Important properties of electromagnetic force:

1. Electromagnetic force may be attractive or repulsive. Like charges repel each other and unlike charges attract each other.

2. It obeys inverse square law.

3. It is a long range force and does not require any intervening medium for its operation.

4. It is a central force.

5. It is a conservative force.

6. It is 10³⁶ times stronger than the gravitational force.

7. It is caused by the exchange of photons (γ) between two charged particles.

Examples of electromagnetic force:

1. When a spring is compressed/elongated, it exerts a force of elasticity due to the net repulsion / attraction between its neighbouring atoms. This net repulsion or attraction is the sum of the electrostatic forces between the electrons and nuclei of the atoms.

2. The Van der Walls’ force between two neutral molecules of a gas is net sum of the electrostatic forces between the electrons and nuclei of the two molecules.

ELECTROMAGNETIC NATURE OF SOME MACROSCOPIC FORCES

The macroscopic forces of our daily life such as tension, friction, contact force, spring force, etc., are derived from the fundamental electrostatic force only. All matter consists of charged particles like electrons and protons. The strong electromagnetic force between these particles is responsible for the structure of atoms and molecules, rate of chemical reactions, and the mechanical, thermal and electrical properties of materials.

(i) Contact force between two bodies:

When we place two bodies in contact with each other, their atoms come close to each other at the surface of contact. Large electromagnetic forces begin to act between the charged constituents of these atoms.

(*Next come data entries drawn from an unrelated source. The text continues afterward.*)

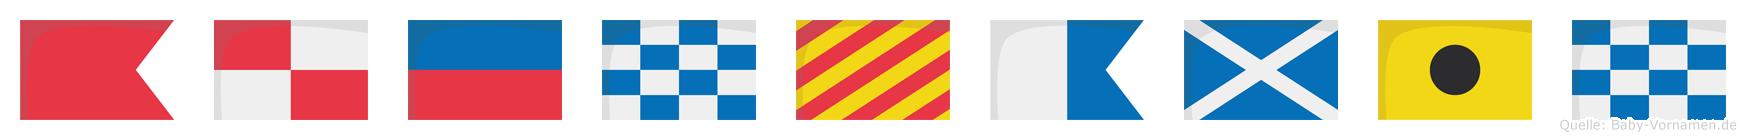 Bünyamin im Flaggenalphabet
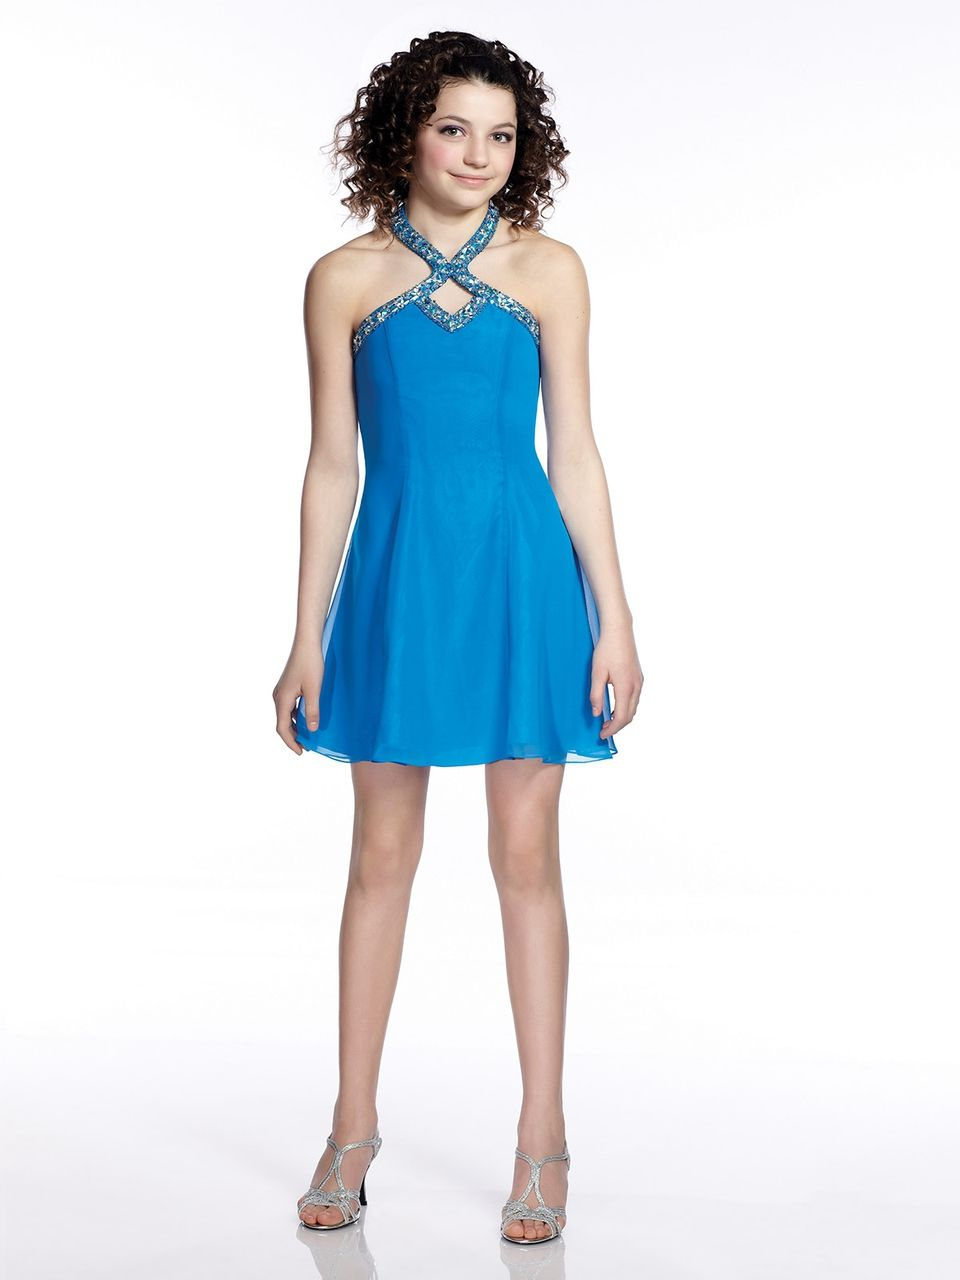 Lexie Girls Cocktail Dress TW21541 | Junior party dresses ...
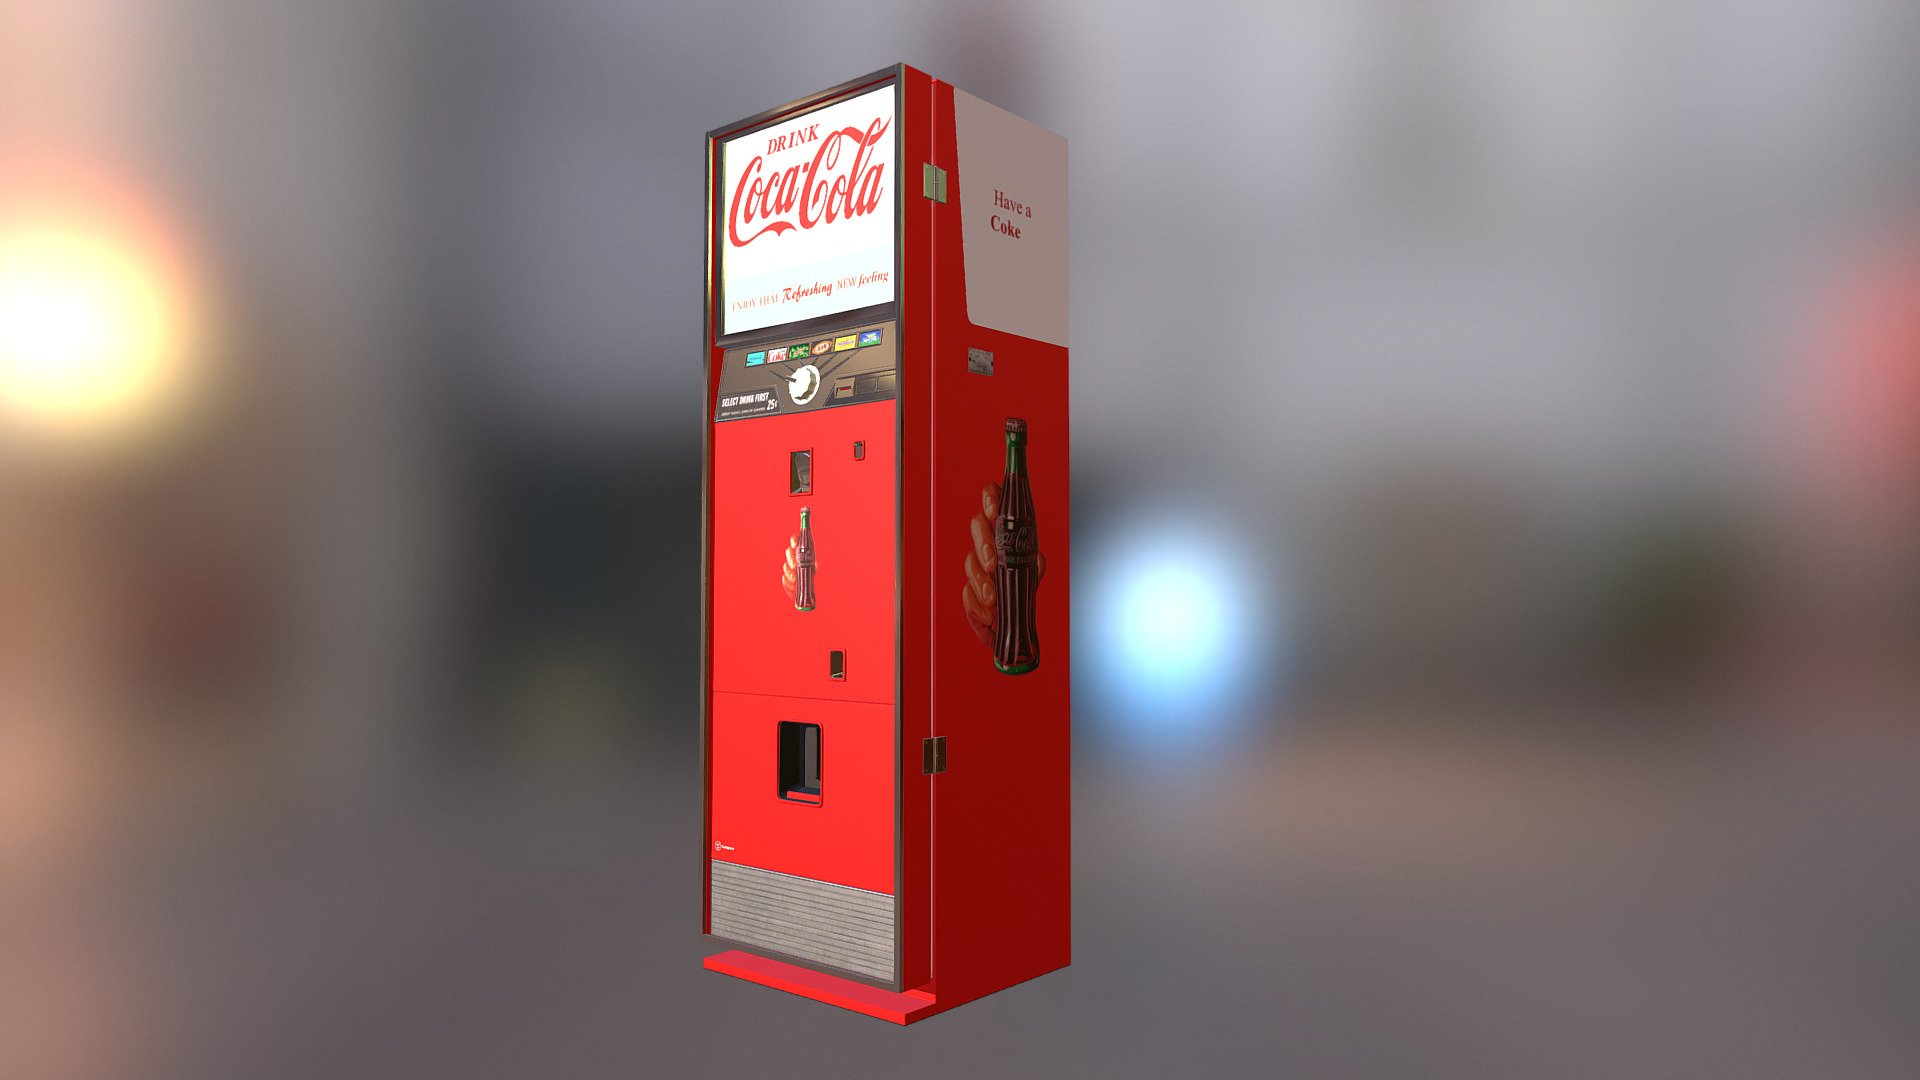 Coca-cola Vending Machine - Download Free 3D model by JFK ...

Generally, these forces act normal to the surface of contact and are of pushing or repelling nature. For example, a book lying on a table pushes it downwards while the table pushes the book upwards.

(ii) Force of friction:

Sometimes, the electromagnetic contact force between two bodies may have a component acting parallel to the surface of contact. This component is called friction. When bodies are placed with their smooth surfaces in contact, they provide only a small parallel component of contact force and hence friction between them is negligibly small. For example, when we climb up a tree, its rough trunk provides sufficient frictional force parallel to the surface of the tree which helps us cling on to the trunk. It is difficult to climb up a smooth metallic lamp post because it does not provide enough parallel frictional force.

(iii) Elastic force in a spring:

When a spring is elongated (or compressed), it exerts a force of elasticity which arises due to the net attraction (or repulsion) between the neighbouring atoms of the spring. This net attraction (or repulsion) is the (imbalanced) sum of the electrostatic forces between the electrons and nuclei of these atoms.

(iv) Van der Walls’ force. The Van der Walls’ force between two neutral molecules of a gas is not a fundamental force but a derived force. It is the net residual force obtained by summing up the fundamental electrostatic forces between the various electrons and nuclei of the two molecules.

(v) Force in a taut string/rope:

Consider a block tied to the lower end of a string suspended from a rigid support. The string is in a state of tension. The electrons and protons of the lower end of the string exert electrostatic forces on the electrons and protons of the block. The resultant of these forces balances the weight of the block. Generally, a string under tension exerts an electromagnetic force of pulling nature on the two bodies attached to its two ends.

Electromagnetic force is much stronger than the gravitational force

Electromagnetic force is much stronger than the gravitational force When we hold a book in our hand, the earth exerts a very large gravitational force on the book due to its huge mass. This force is balanced by the normal force exerted by our hand. But the latter force is the net electromagnetic force between the charged constituents of our hand and the book at the surface of contact. Clearly, electromagnetic force is much stronger than the gravitational force.